A comma separated list of tablet types that are used while picking a tablet for sourcing data. One or more from PRIMARY, REPLICA, RDONLY.

--filtered_replication_wait_time #

optional
default 30s

VDiff finds the current position of the source primary and then waits for the target replication to reach that position for --filtered_replication_wait_time. If the target is much behind the source or if there is a high write qps on the source then this time will need to be increased.

--limit #

optional
default 9223372036854775807

Maximum number of rows to run vdiff on (across all tables specified). This limit is usually set while diffing a large table as a quick consistency check.

--tables #

optional
default all tables in the workflow

A comma separated list of tables to run vdiff on.

--format #

optional
default unstructured text output

Only other format supported is json
Example: #
[{
  "ProcessedRows": 5,
  "MatchingRows": 5,
  "MismatchedRows": 0,
  "ExtraRowsSource": 0,
  "ExtraRowsTarget": 0
},{
  "ProcessedRows": 3,
  "MatchingRows": 3,
  "MismatchedRows": 0,
  "ExtraRowsSource": 0,
  "ExtraRowsTarget": 0
}]

--max_extra_rows_to_compare #

optional
default 1000

Limits the number of extra rows on both the source and target that we will perform a second compare pass on to confirm that the rows are in fact different in content and not simply returned in a different order on the source and target (which can happen when there are collation differences, e.g. different MySQL versions).

--debug_query #

optional

Adds a MySQL query to the report that can be used for further debugging.

--only_pks #

optional

When reporting missing rows, only show primary keys in the report.

keyspace.workflow #

mandatory

Name of target keyspace and the associated workflow to run VDiff on.

Example #

$ vtctlclient VDiff customer.commerce2customer

Summary for corder: {ProcessedRows:10 MatchingRows:10 MismatchedRows:0 ExtraRowsSource:0 ExtraRowsTarget:0}
Summary for customer: {ProcessedRows:11 MatchingRows:11 MismatchedRows:0 ExtraRowsSource:0 ExtraRowsTarget:0}

Using VDiff With Huge Tables #

Currently VDiff runs within vtctld. Each VDiff will stream rows from all sources and targets and then compare them row by row after assembling the rows in order. Since there are no database transactions, VDiff will run much faster than the actual workflow. However, for huge tables (billions of rows or terabytes in size) this can take several hours or even days depending on the number of rows, row composition, server configurations and the topology of the cluster. If your sources and/or targets are across multiple cells, for example, this can slow down the VDiff considerably.

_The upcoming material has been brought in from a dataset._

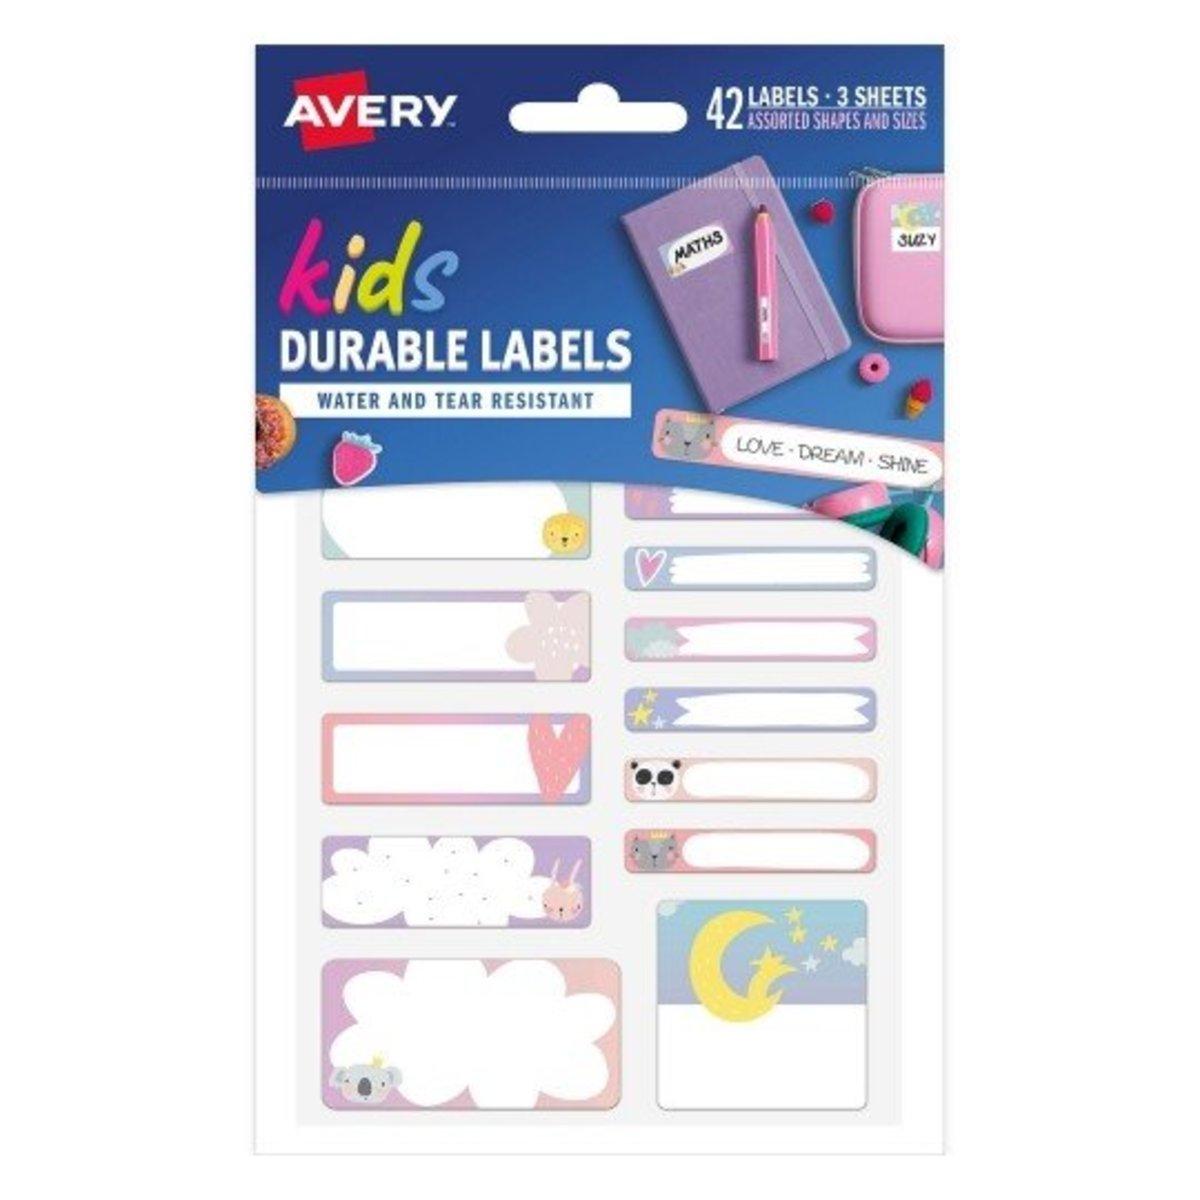 Avery - Love Dream Shine School Labels 41419

Actual VDiff speeds are of course dependent on several factors in your cluster. But as a reference, we have seen VDiffs run as fast as 400mrph (million rows per hour) (~9B rows/day) for tables with short rows, or as slow as 60mrph (~1.5B rows/day), for tables with larger width and complex columns.

You may need to use one or more of the following recommendations while running long VDiffs:

  • If VDiff takes more than an hour vtctlclient will hit grpc/http timeouts of 1 hour. In that case you can use vtctl (the bundled vctlclient + vtctld) instead.
  • VDiff also synchronizes sources and targets to get consistent snapshots. If you have a high write QPS then you may encounter timeouts during the sync. Use higher values of --filtered_replication_wait_time to prevent that, for example --filtered_replication_wait_time=4h.
  • If VDiff takes more than a day set the --wait-time parameter, which is the maximum time a vtctl command can run for, to a value comfortably higher than the expected run time, for example --wait-time=168h.
  • You can follow the progress of the command by tailing the vtctld logs. VDiff logs progress every 10 million rows. This can also give you an early indication of how long it will run for, allowing you to increase your settings if needed.

Note #

  • There is no throttling, so you might see an increased lag in the replica used as the source.
  • VDiff is currently not resumable, so any timeouts or errors mean that you will need to rerun the entire VDiff again.
  • VDiff runs one table at a time.
VDiff v2, which addresses these issues, is now production-ready and we recommend you use that instead.